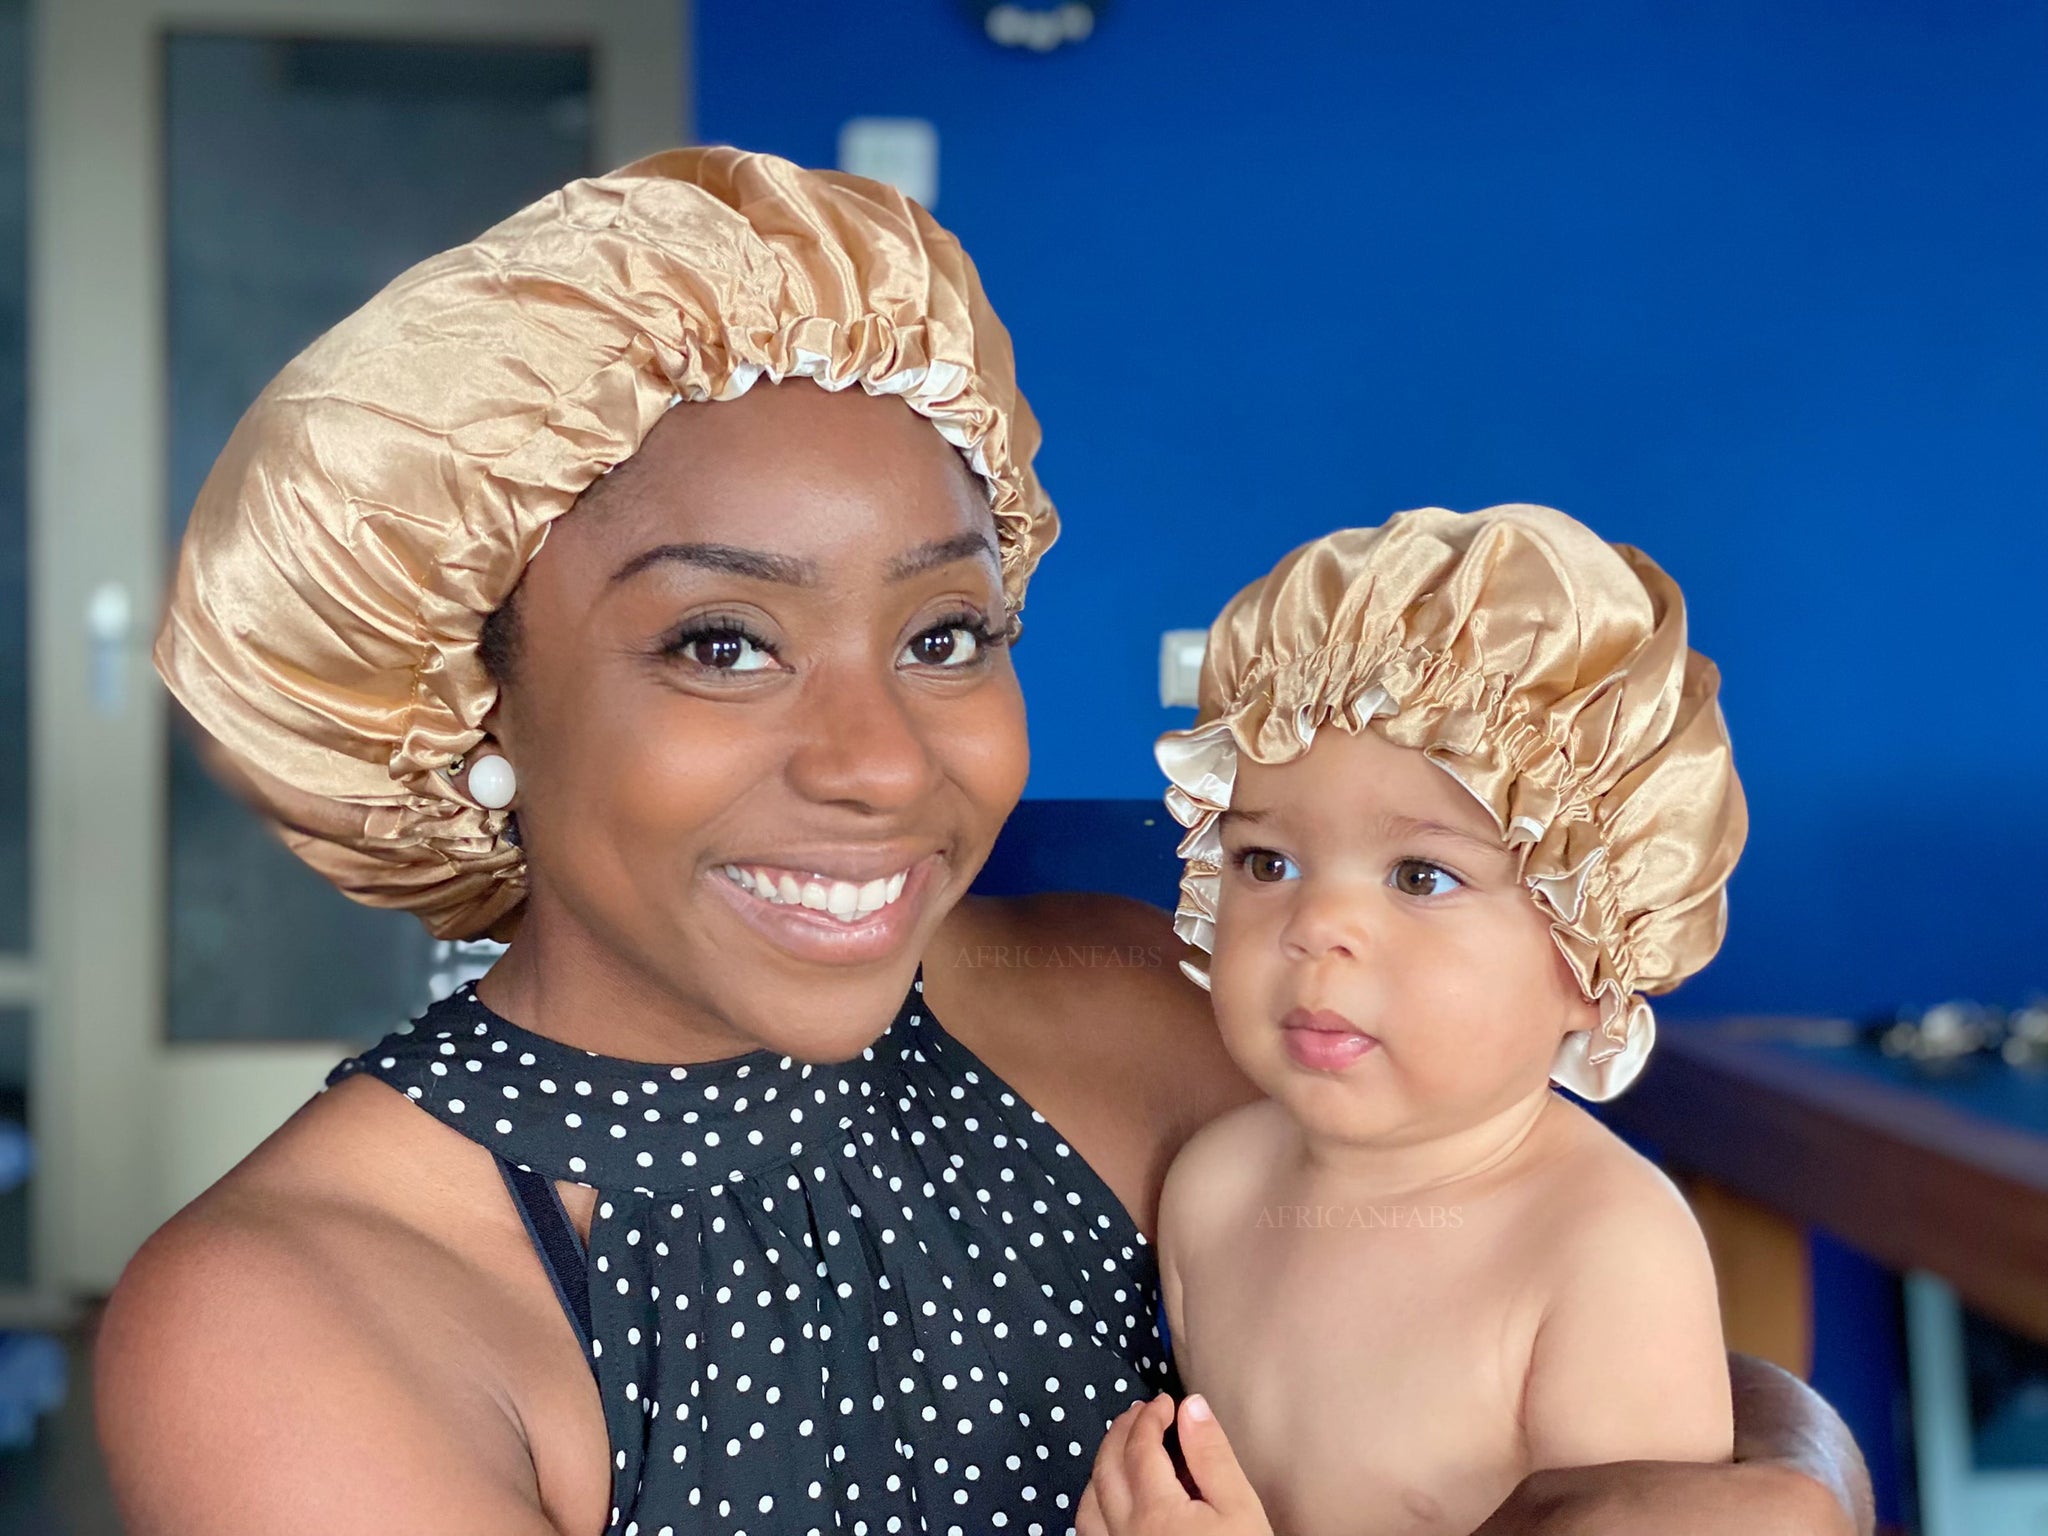 Khaki Satin Hair Bonnet (Kids / Children's size 3-7 years) (Reversable –  AfricanFabs
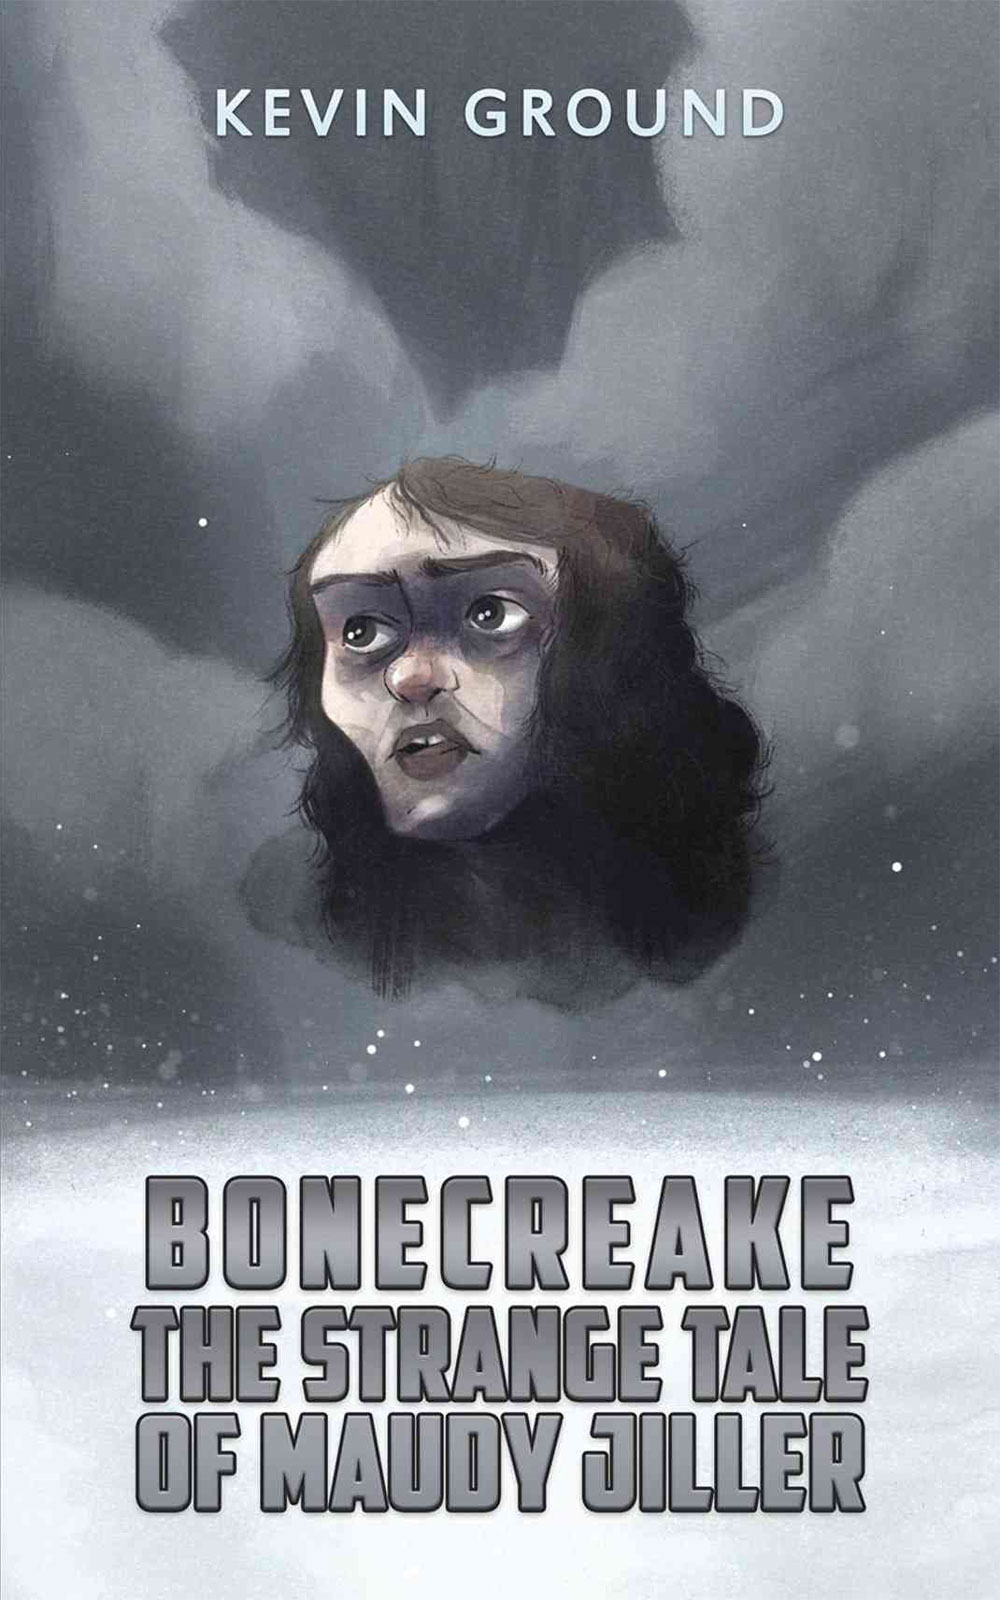 Bonecreake
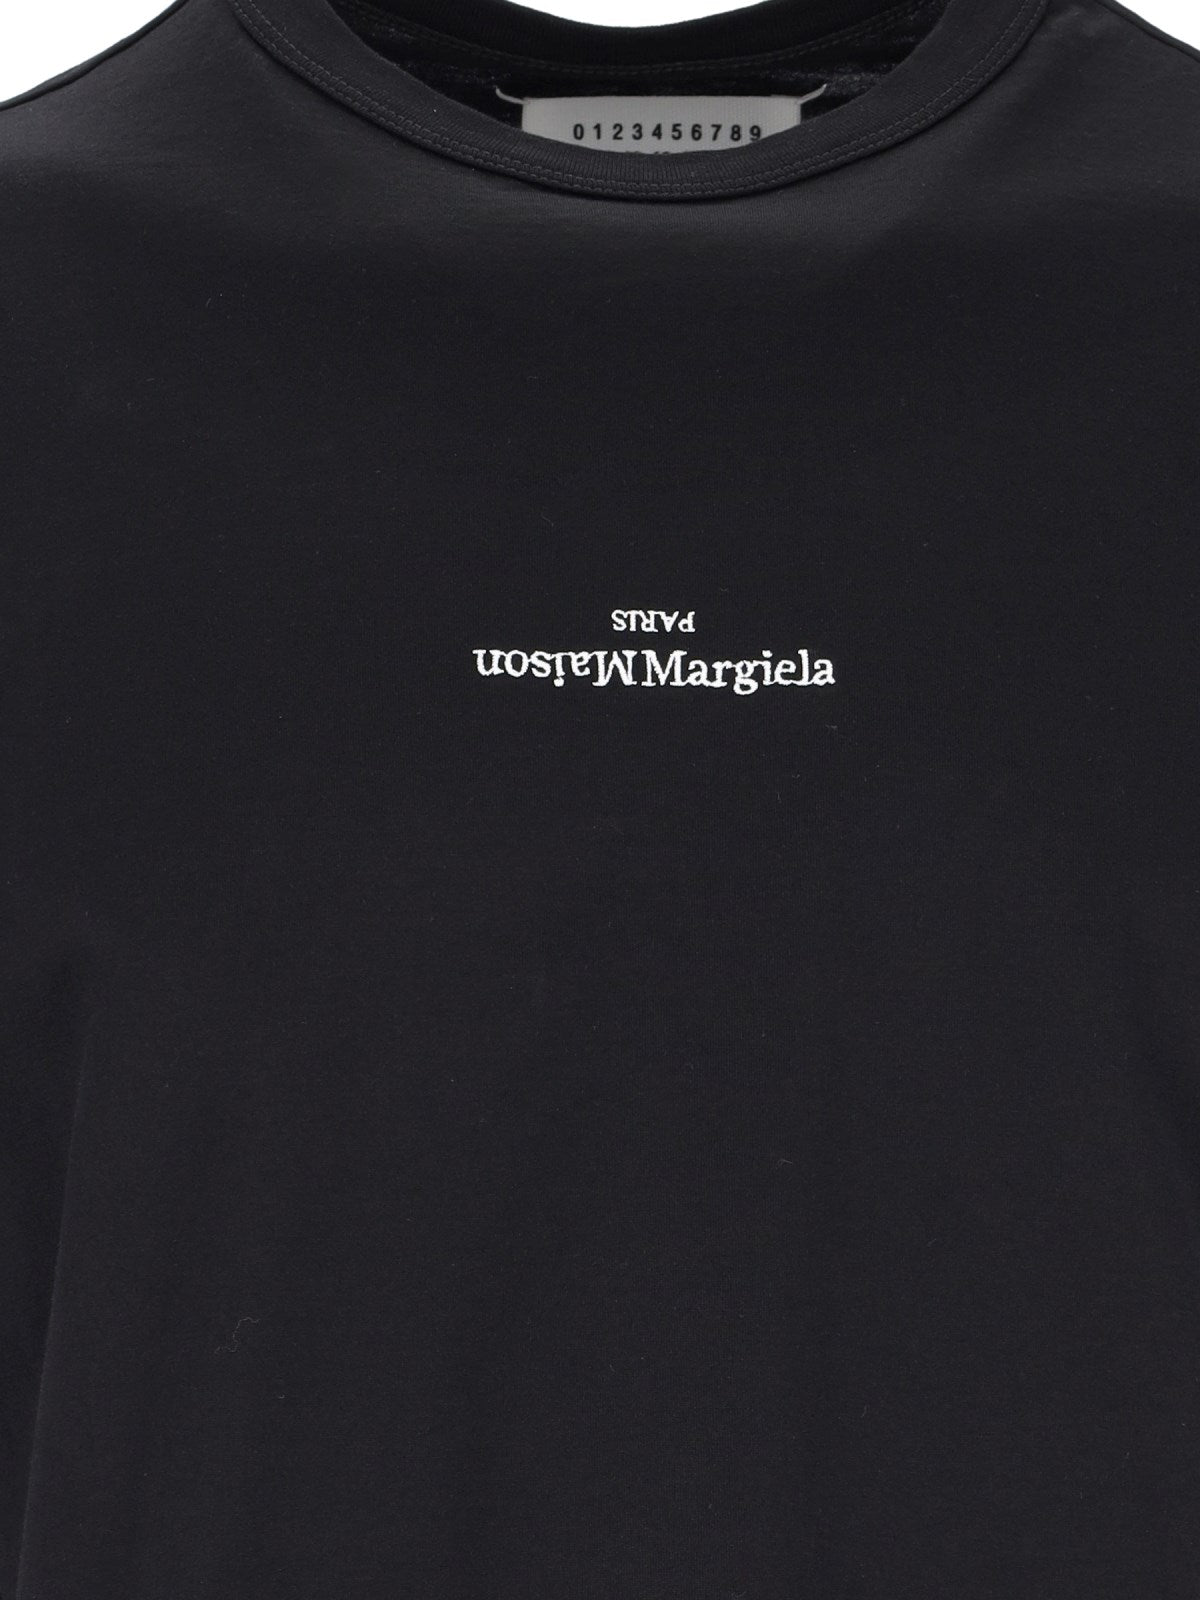 Maison Margiela T-Shirt "distorted logo"-t-shirt-Maison Margiela-T-shirt "distorted logo" Maison Margiela, in cotone nero, girocollo, maniche corte, ricamo logo bianco petto, orlo dritto.-Dresso
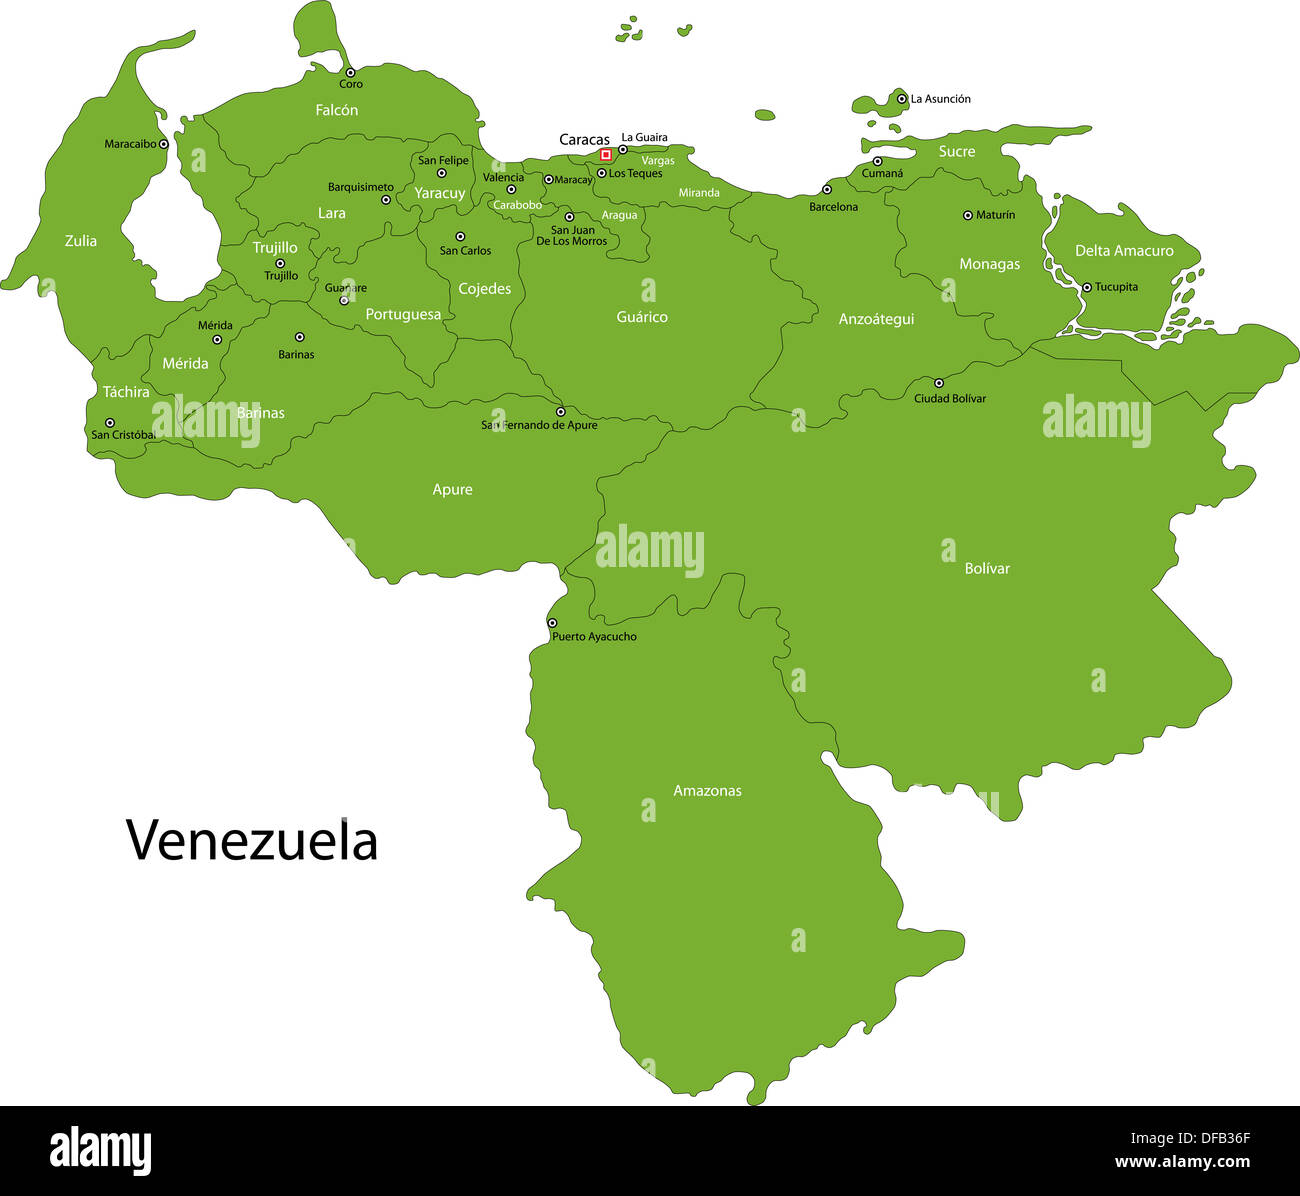 Green Venezuela map Stock Photo

▶ **Exercise description**: Write every line above out again exactly; pictures do not belong in the copy.

▶ **Task result**:
 Khaki Satin Hair Bonnet (Kids / Children's size 3-7 years) (Reversable –  AfricanFabs
 Bonecreake
 Maison Margiela T-Shirt "distorted logo"-t-shirt-Maison Margiela-T-shirt "distorted logo" Maison Margiela, in cotone nero, girocollo, maniche corte, ricamo logo bianco petto, orlo dritto.-Dresso
 Green Venezuela map Stock Photo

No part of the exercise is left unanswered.